What Are Fingerprints?
What Are Fingerprints? A fingerprint is merely a record of the pattern of a person’s finger. Look at the tips of your fingers. Do you see the loops and swirls the tiny ridges of skin make? These ridges form your fingerprint patterns.
Each of your fingerprint patterns is a little different from the others, and they are different from everybody else’s in the world. They get bigger as you grow. But otherwise they remain unchanged throughout your life.
Fingerprinting is one form of biometrics, a science that uses people’s physical characteristics to identify them. Fingerprints are ideal for this purpose because they’re inexpensive to collect and analyze, and they never change, even as people age.
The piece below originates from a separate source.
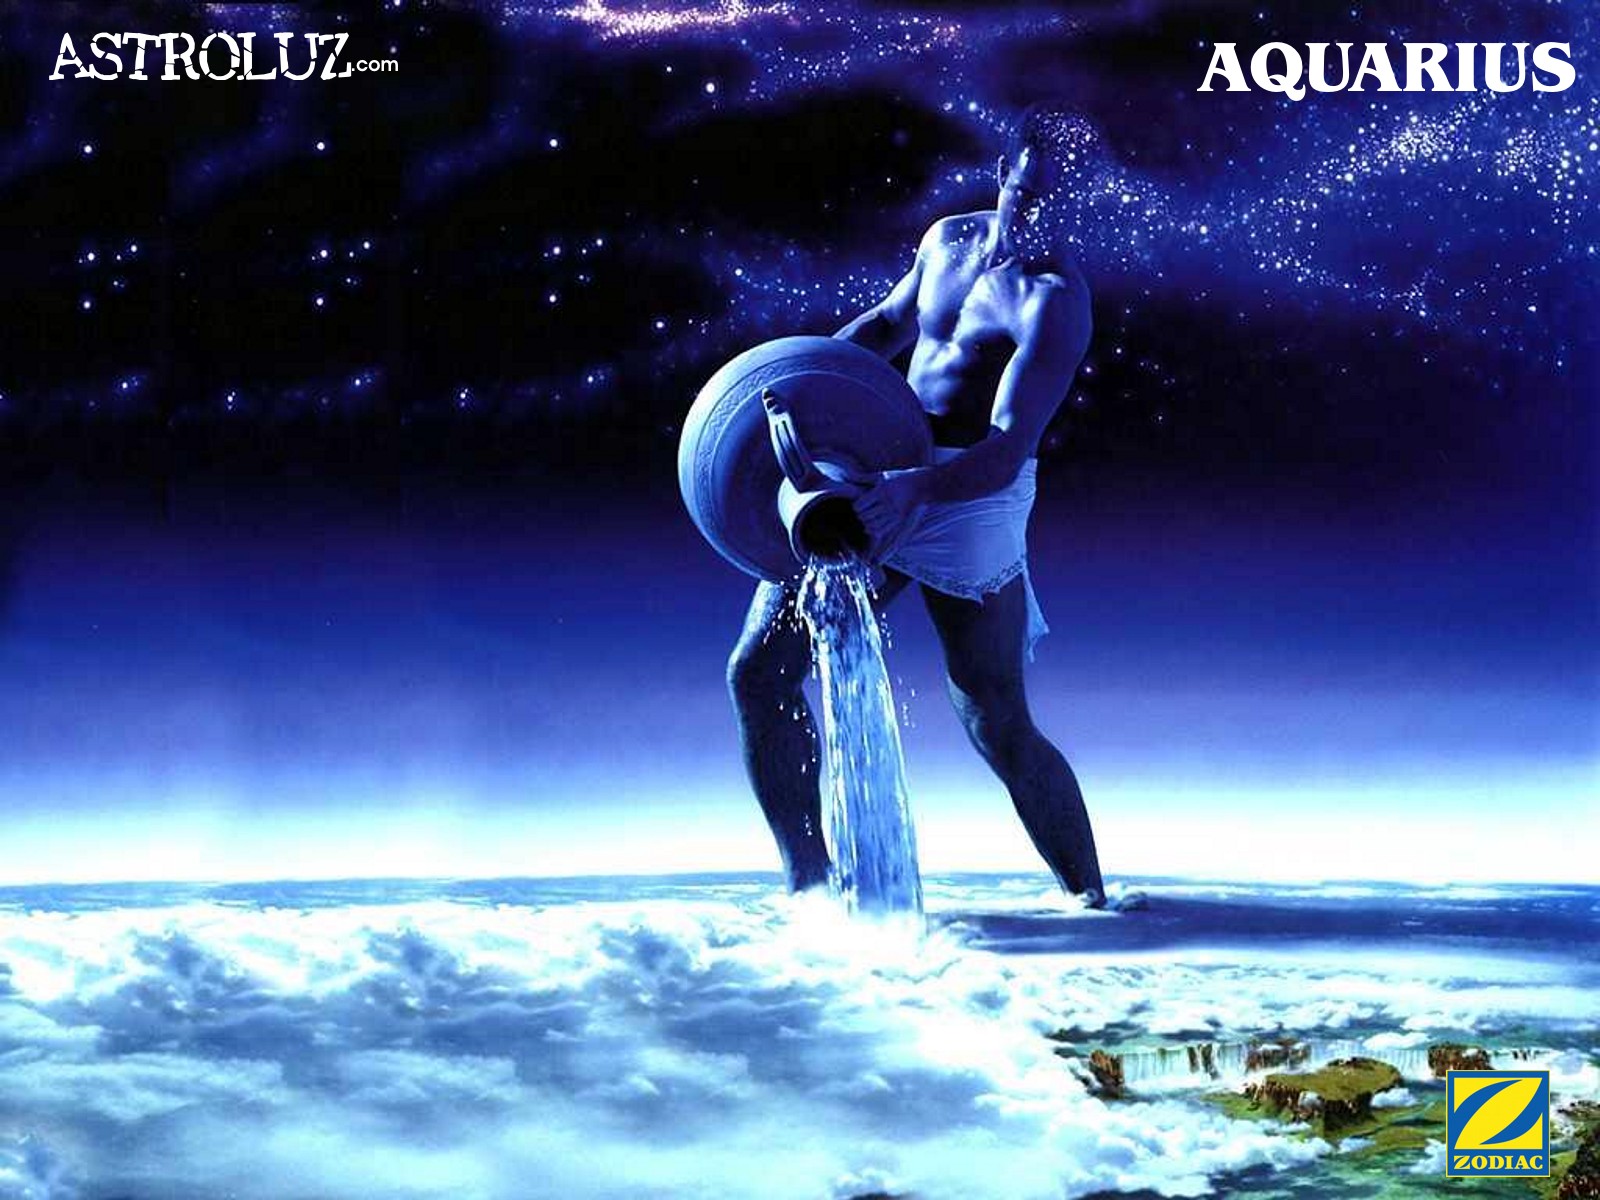 Aquarius Image HD Wallpaper And Background

Fingerprints are made of an arrangement of ridges, called friction ridges. Each ridge contains pores, which are attached to sweat glands under the skin. You leave fingerprints on glasses, tables and just about anything else you touch because of this sweat.
All of the ridges of fingerprints form patterns called loops, whorls or arches. Loops begin on one side of the finger, curve around or upward, and exit the other side.
There are two types of loops: Radial loops slope toward the thumb, while ulnar loops slope toward the little finger.
Whorls form a circular or spiral pattern. Arches slope upward and then down, like very narrow mountains.
Scientists look at the arrangement, shape, size and number of lines in these fingerprint patterns to distinguish one from another. They also analyze very tiny characteristics called minutiae, which can’t be seen with the naked eye.
Although hands and feet have many ridged areas ¬that could be used for identification, fingerprints became a popular form of biometrics because they are easy to classify and sort. They’re also accessible.
It is easy to make a fingerprint. All you have to do is to press your finger on an inked pad and then onto a piece of white paper.